--- DATASET EXTRACT Enclosed Below ---
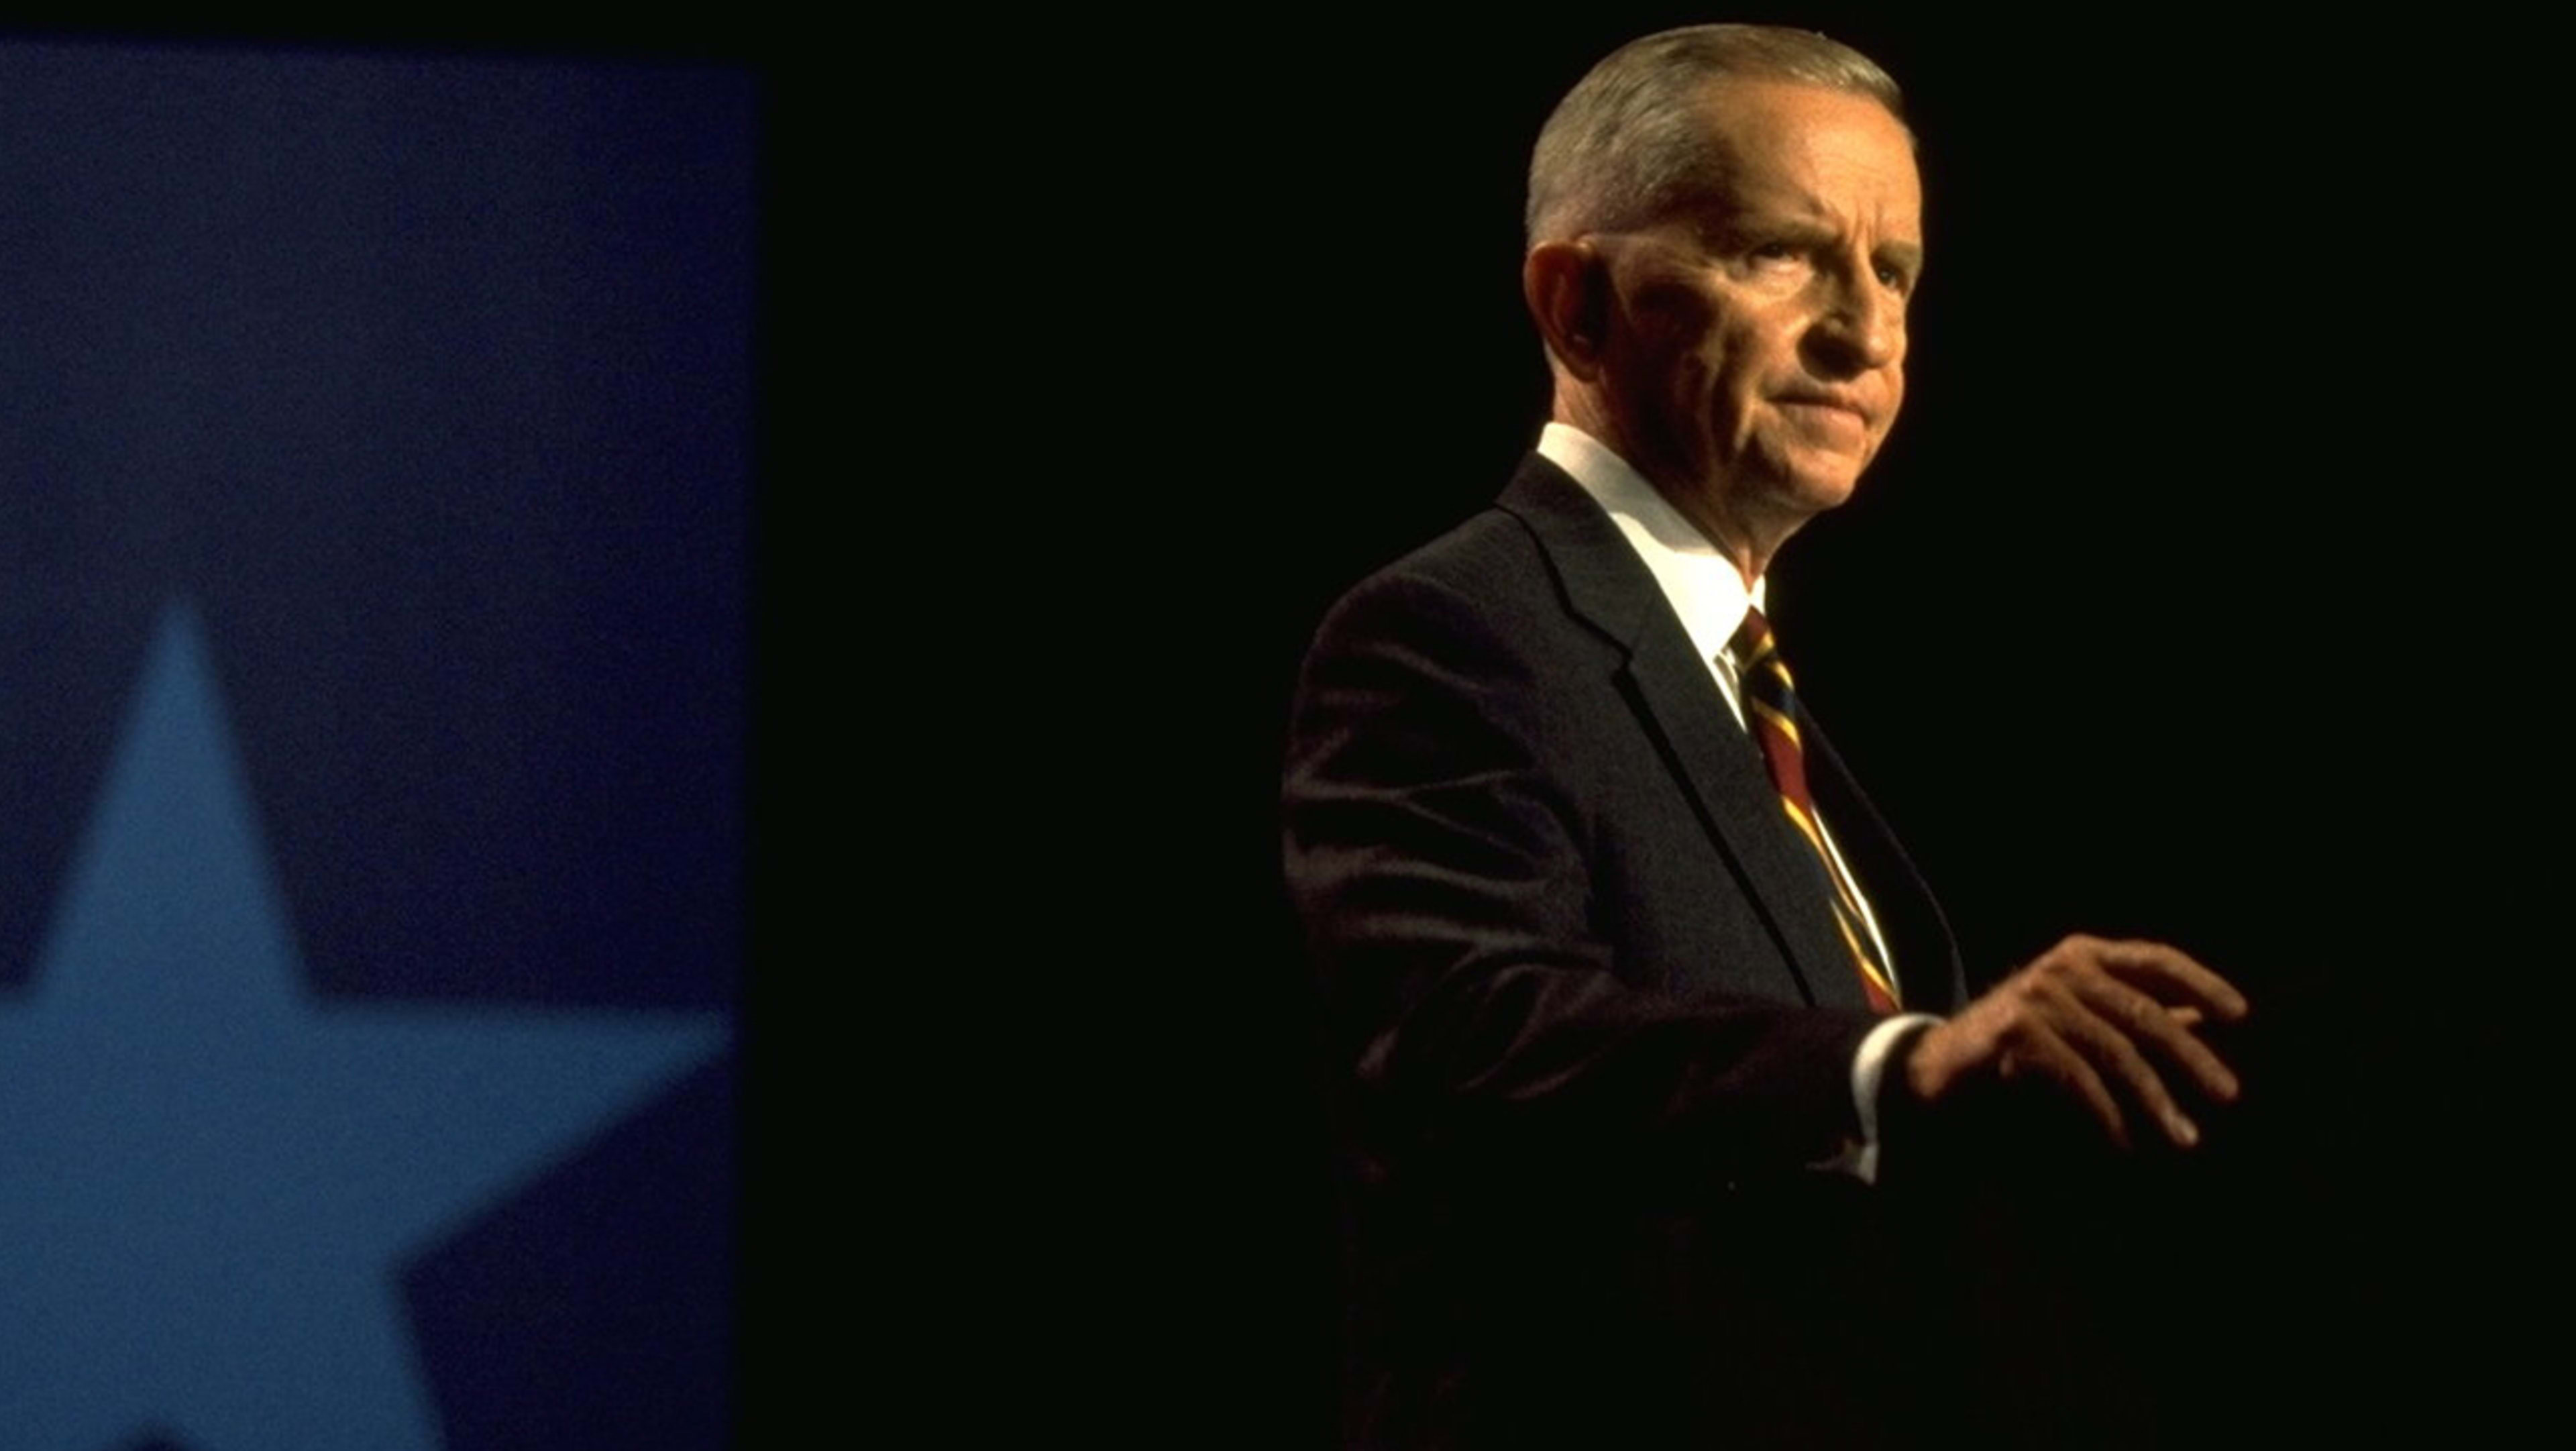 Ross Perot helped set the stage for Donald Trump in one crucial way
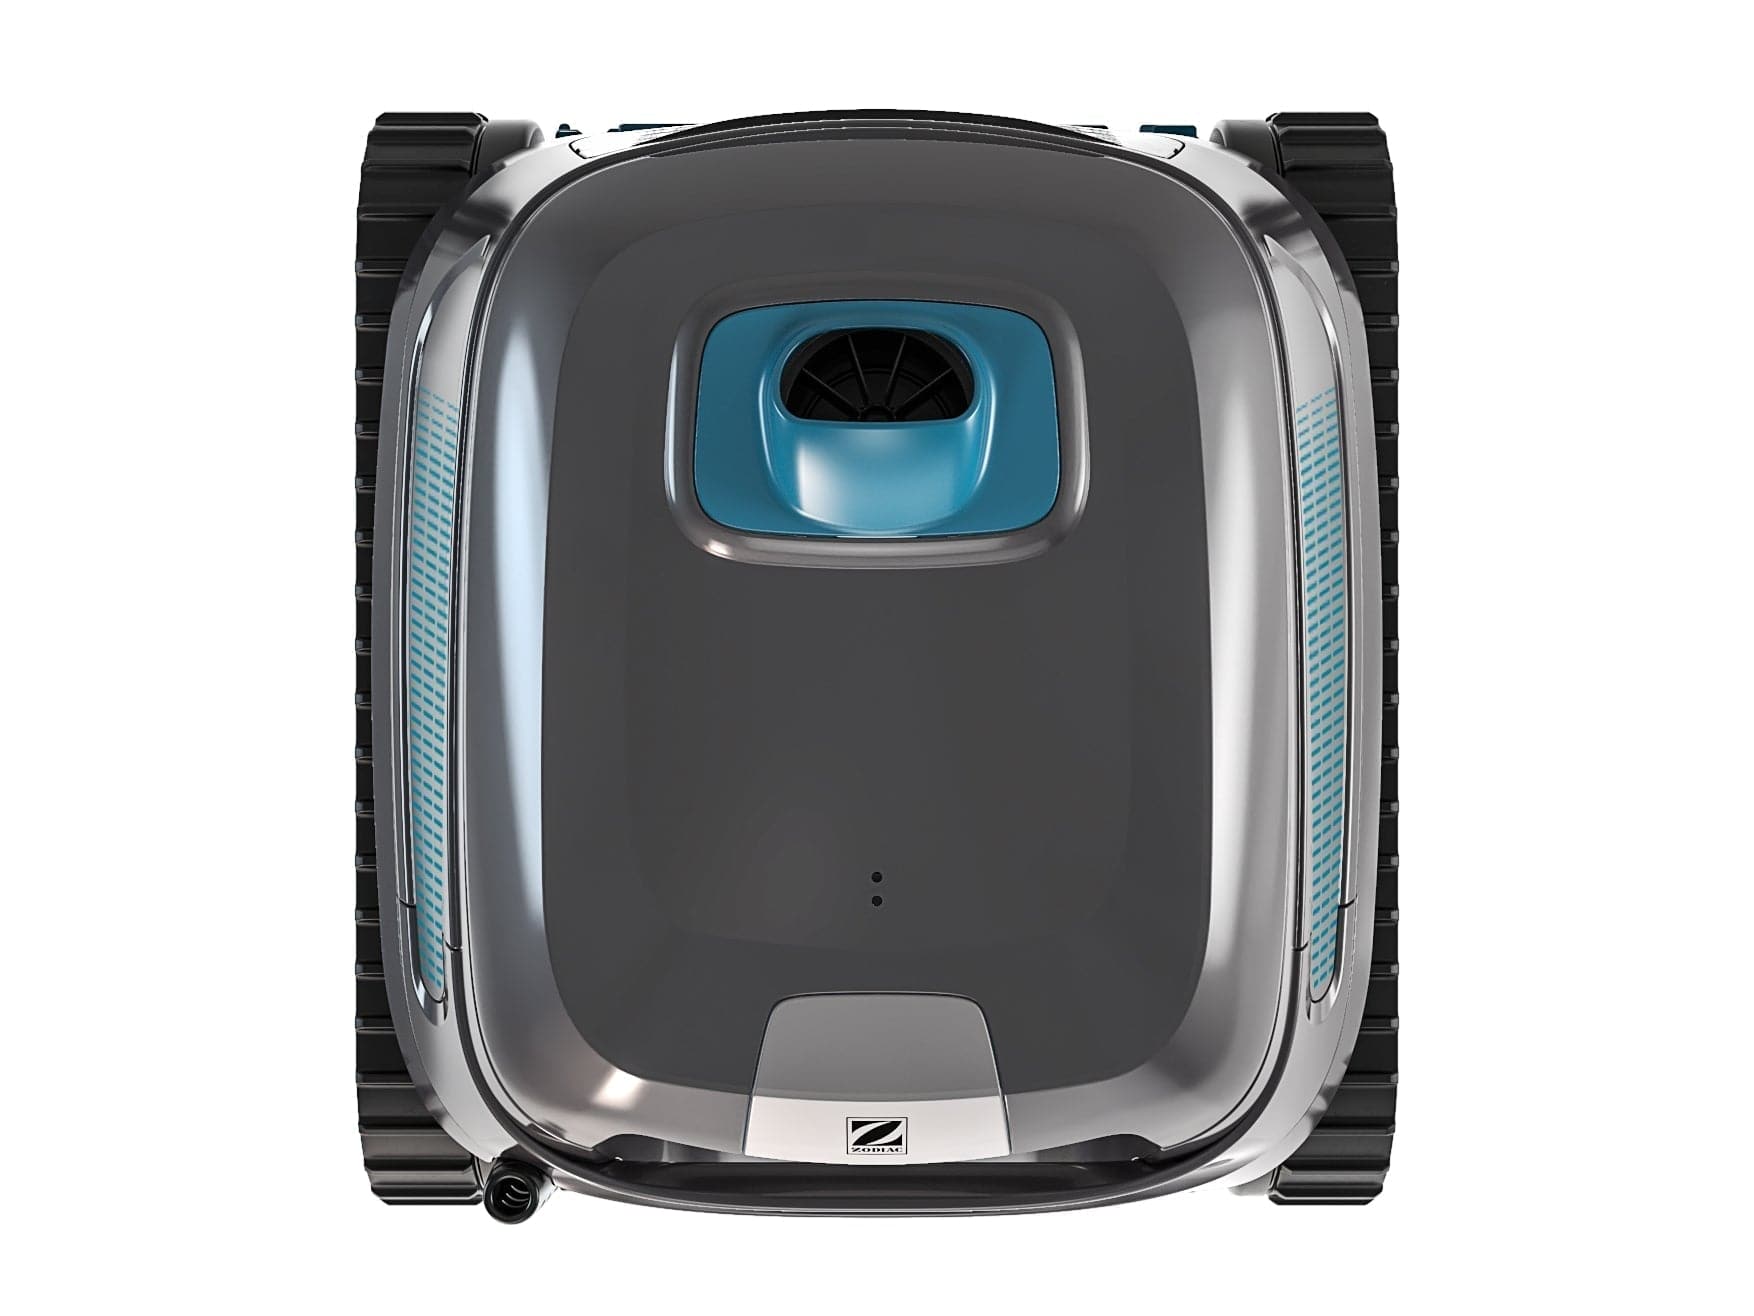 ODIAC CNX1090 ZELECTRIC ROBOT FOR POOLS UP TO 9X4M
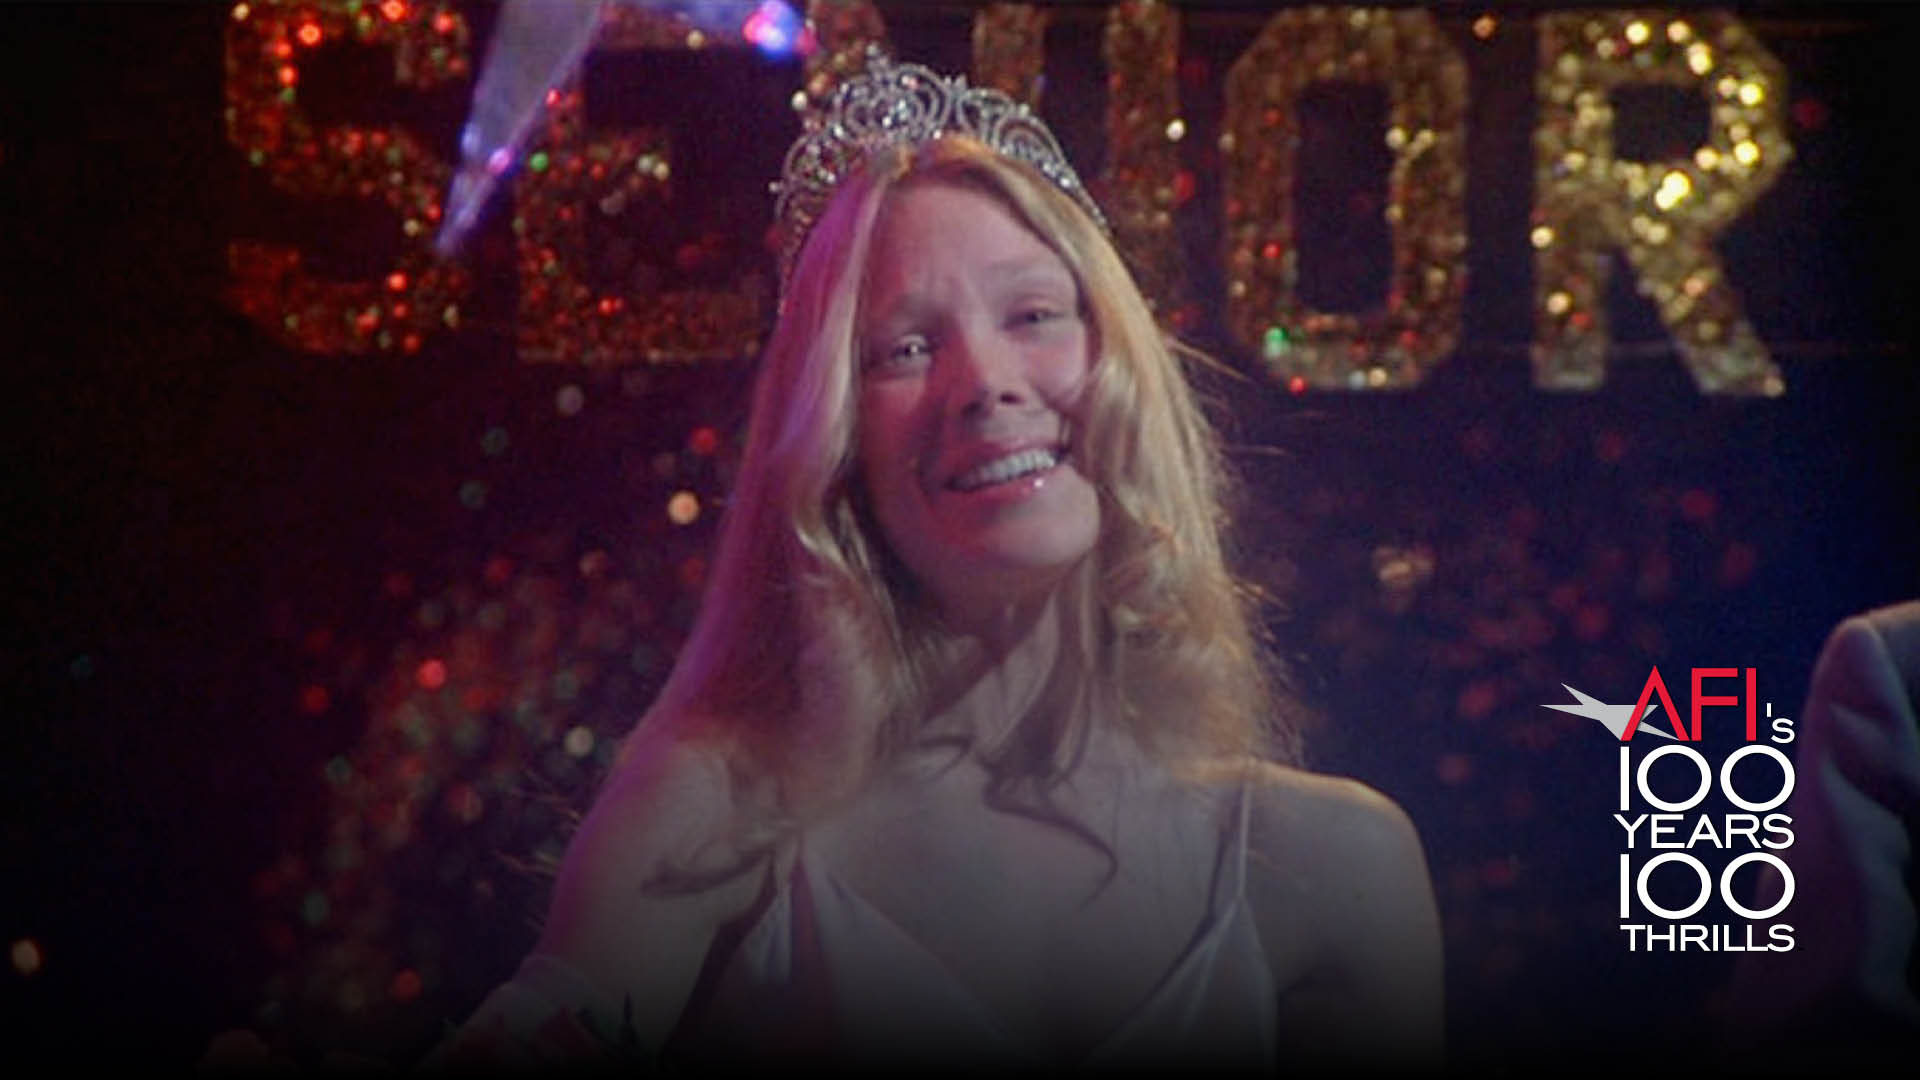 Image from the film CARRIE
--- End of Enclosed DATASET EXTRACT ---
**WHAT YOU HAVE TO DO:** Leaving the pictures out, output each line of the listing exactly.

**ANSWER FOR THIS EXERCISE:**
 Ross Perot helped set the stage for Donald Trump in one crucial way
 ODIAC CNX1090 ZELECTRIC ROBOT FOR POOLS UP TO 9X4M
 Image from the film CARRIE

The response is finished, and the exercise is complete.